(Beginning of DATA EXCERPT)
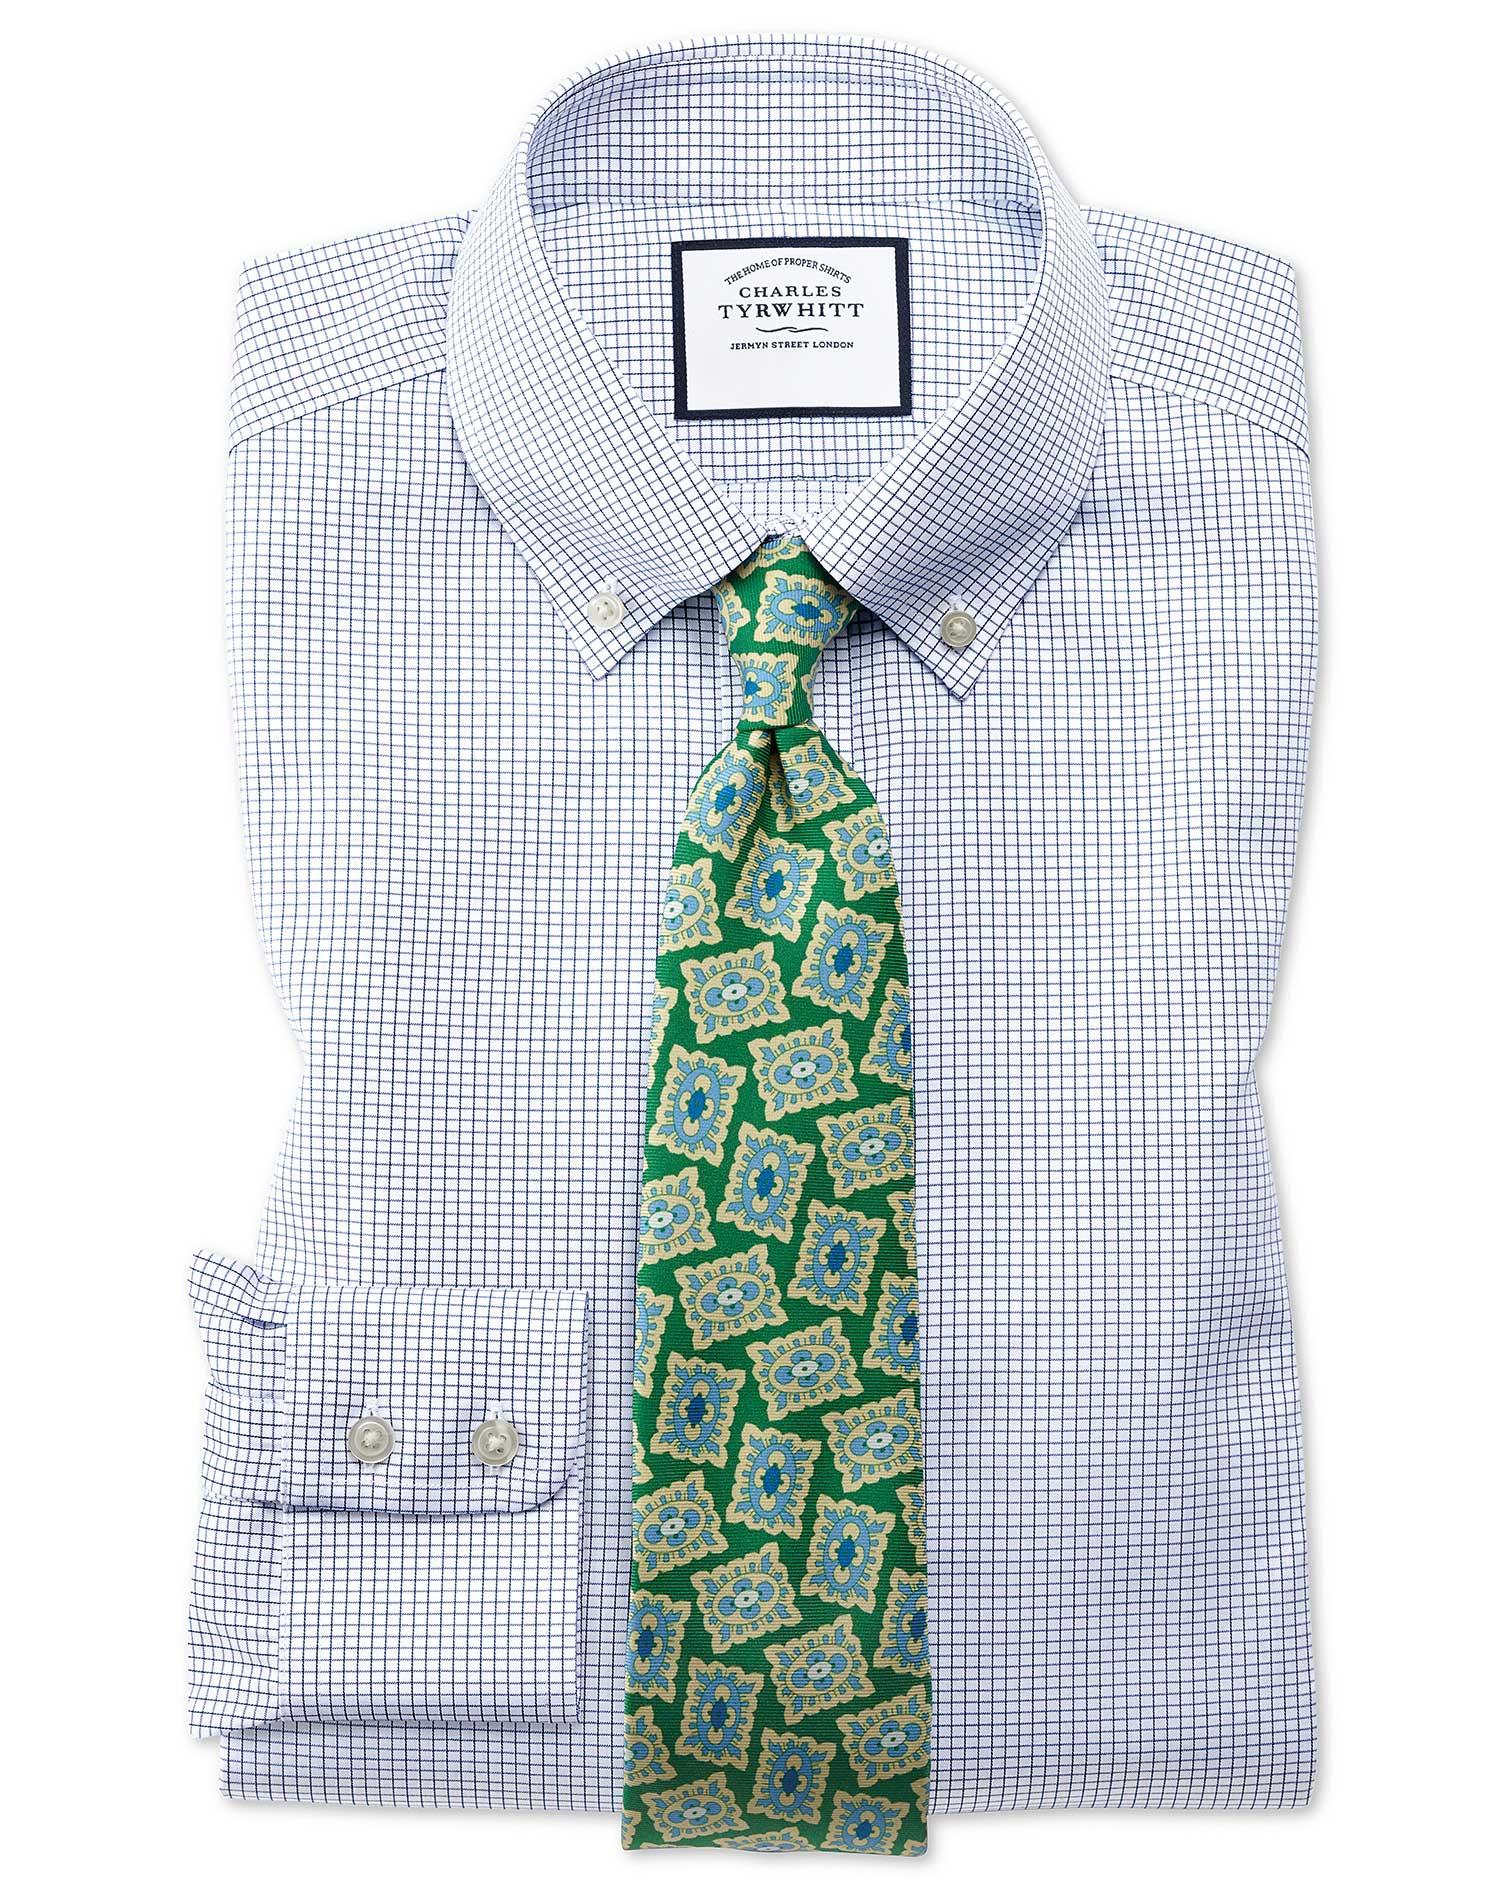 Classic Fit Button-Down Non-Iron Twill Mini Grid Check Navy Blue Cotton Formal Shirt Single Cuff Siz
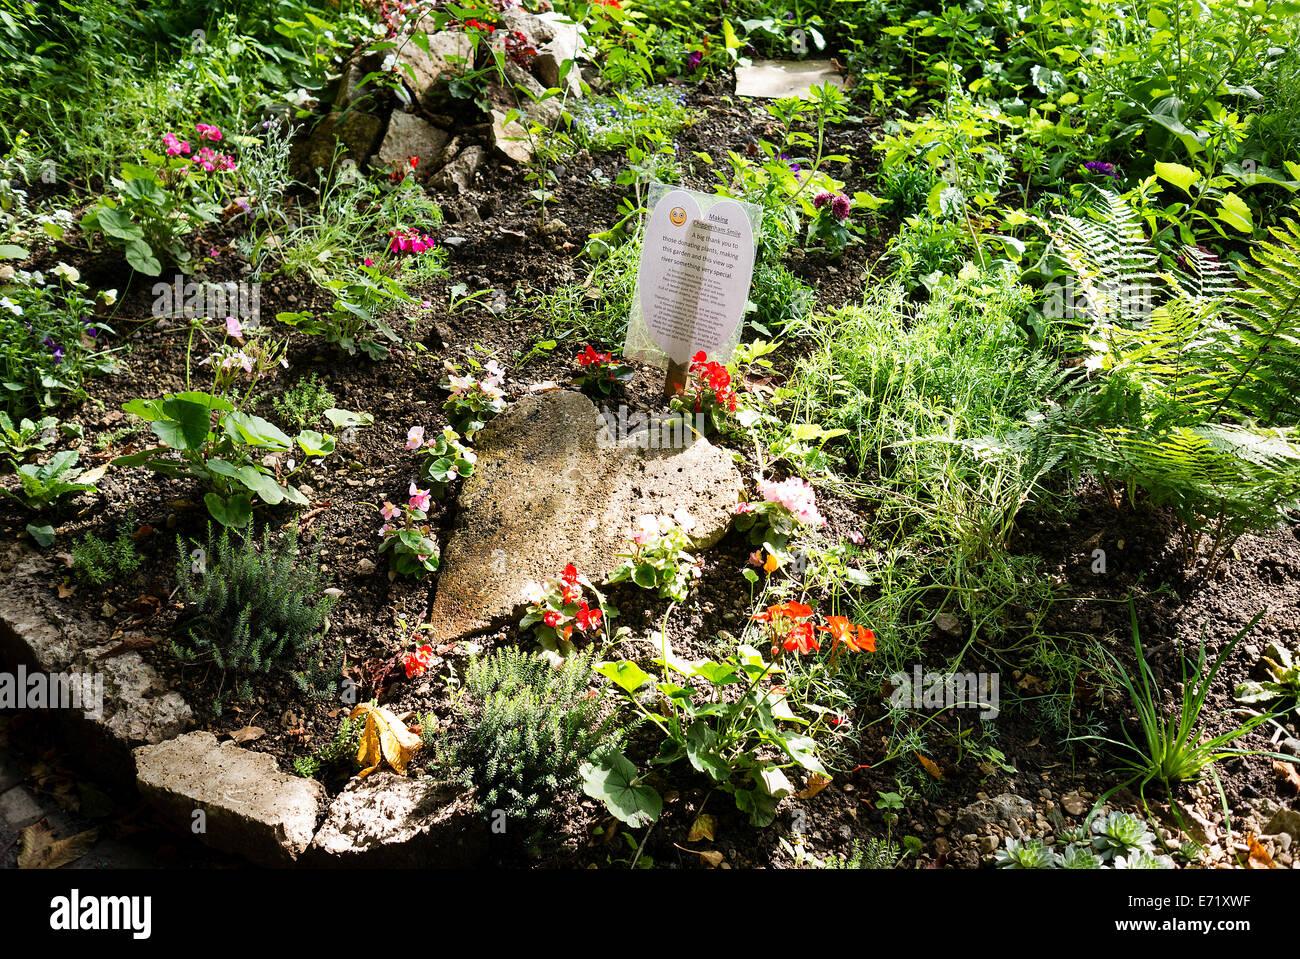 Community garden in Chippenham UKz - Stock Image
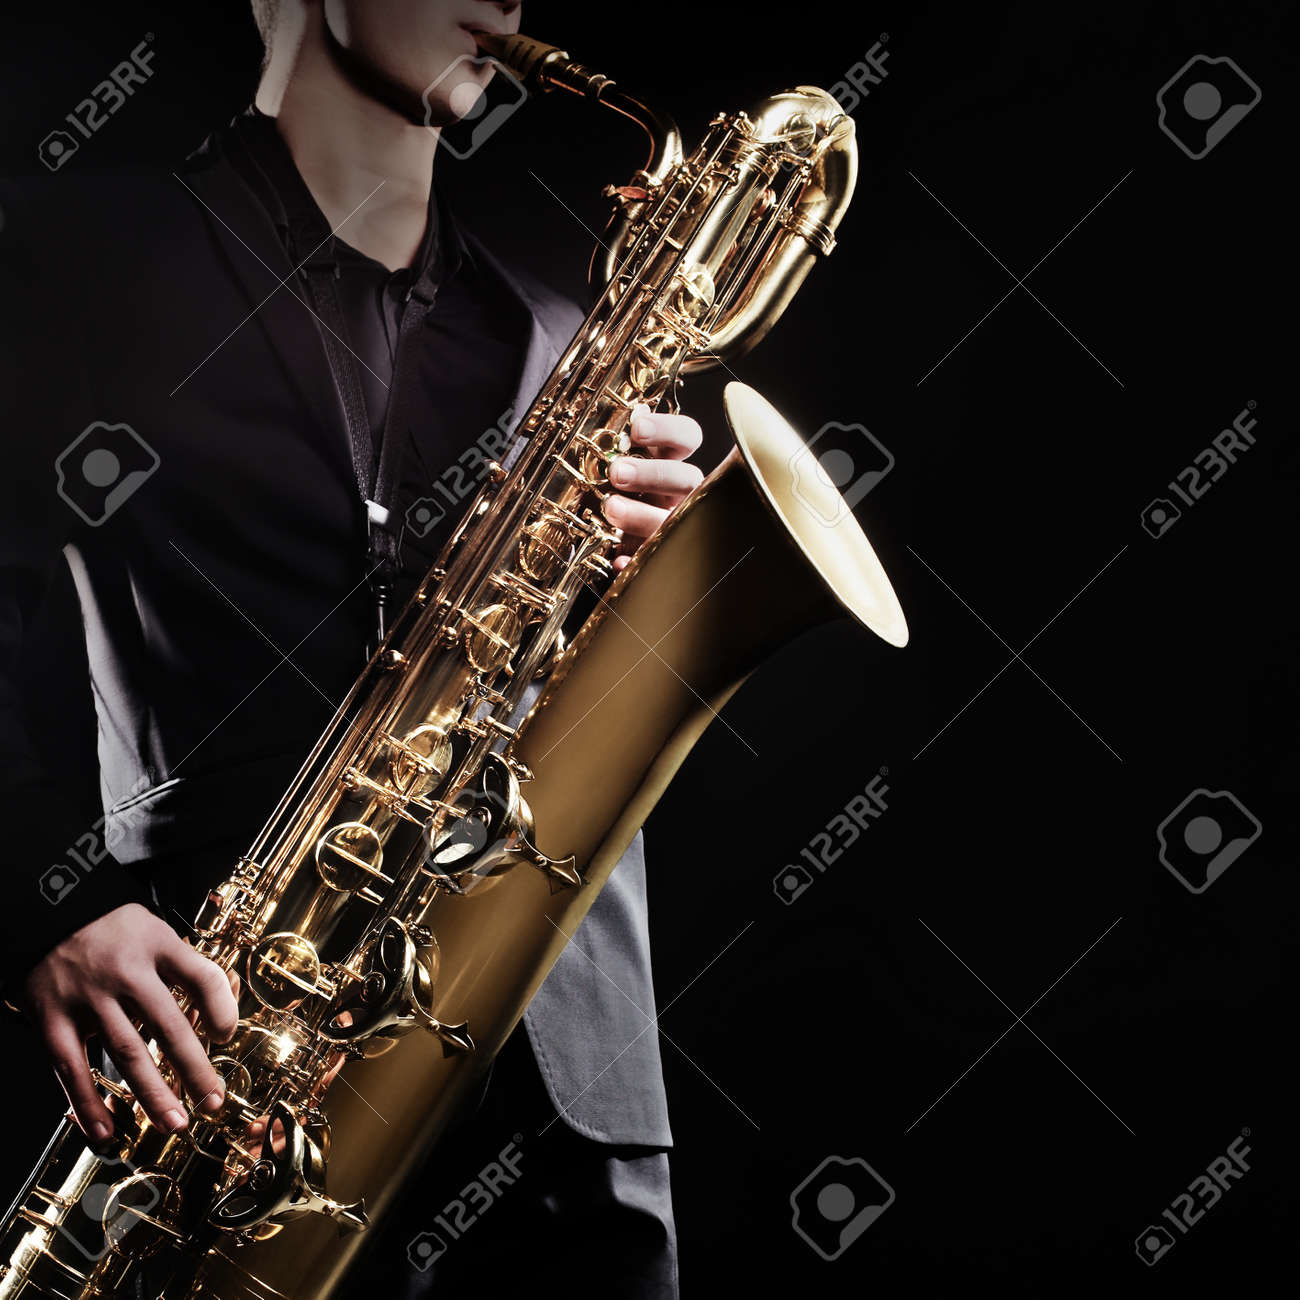 Saxophone baritone Saxophonist with sax jazz music instruments Standard-Bild - 38638624
(End of DATA EXCERPT)
# [TRY IT]
The answer must be the full listing, restated word for word, with no pictures in it.

# [SOLUTION TO THE EXERCISE]
 Classic Fit Button-Down Non-Iron Twill Mini Grid Check Navy Blue Cotton Formal Shirt Single Cuff Siz
 Community garden in Chippenham UKz - Stock Image
 Saxophone baritone Saxophonist with sax jazz music instruments Standard-Bild - 38638624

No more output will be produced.